(AVAILABLE DATA Opens)
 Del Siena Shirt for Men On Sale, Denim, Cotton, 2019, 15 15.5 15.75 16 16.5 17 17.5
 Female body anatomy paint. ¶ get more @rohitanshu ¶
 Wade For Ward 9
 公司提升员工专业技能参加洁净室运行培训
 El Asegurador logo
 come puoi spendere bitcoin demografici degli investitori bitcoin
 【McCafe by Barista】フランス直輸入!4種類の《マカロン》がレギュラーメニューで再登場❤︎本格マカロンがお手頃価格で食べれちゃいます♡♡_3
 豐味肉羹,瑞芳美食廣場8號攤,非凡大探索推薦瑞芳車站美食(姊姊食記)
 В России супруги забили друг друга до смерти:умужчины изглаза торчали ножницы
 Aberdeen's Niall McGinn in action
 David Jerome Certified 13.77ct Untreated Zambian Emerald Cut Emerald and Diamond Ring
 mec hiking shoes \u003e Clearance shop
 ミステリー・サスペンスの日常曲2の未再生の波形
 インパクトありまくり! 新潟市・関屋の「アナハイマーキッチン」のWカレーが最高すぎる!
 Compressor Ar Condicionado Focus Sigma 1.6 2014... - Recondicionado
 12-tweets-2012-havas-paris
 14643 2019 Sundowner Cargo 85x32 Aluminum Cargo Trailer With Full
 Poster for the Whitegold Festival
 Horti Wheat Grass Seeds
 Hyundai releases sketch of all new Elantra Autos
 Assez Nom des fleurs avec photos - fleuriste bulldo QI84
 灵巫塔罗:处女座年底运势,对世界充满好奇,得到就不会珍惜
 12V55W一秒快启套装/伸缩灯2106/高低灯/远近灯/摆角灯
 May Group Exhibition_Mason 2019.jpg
(AVAILABLE DATA Closes)
EXERCISE PROMPT. Restate the data word for word. Begin at its first line, end at the line that contains "Aberdeen's Niall McGinn in action", and include both.

WORKED SOLUTION.
 Del Siena Shirt for Men On Sale, Denim, Cotton, 2019, 15 15.5 15.75 16 16.5 17 17.5
 Female body anatomy paint. ¶ get more @rohitanshu ¶
 Wade For Ward 9
 公司提升员工专业技能参加洁净室运行培训
 El Asegurador logo
 come puoi spendere bitcoin demografici degli investitori bitcoin
 【McCafe by Barista】フランス直輸入!4種類の《マカロン》がレギュラーメニューで再登場❤︎本格マカロンがお手頃価格で食べれちゃいます♡♡_3
 豐味肉羹,瑞芳美食廣場8號攤,非凡大探索推薦瑞芳車站美食(姊姊食記)
 В России супруги забили друг друга до смерти:умужчины изглаза торчали ножницы
 Aberdeen's Niall McGinn in action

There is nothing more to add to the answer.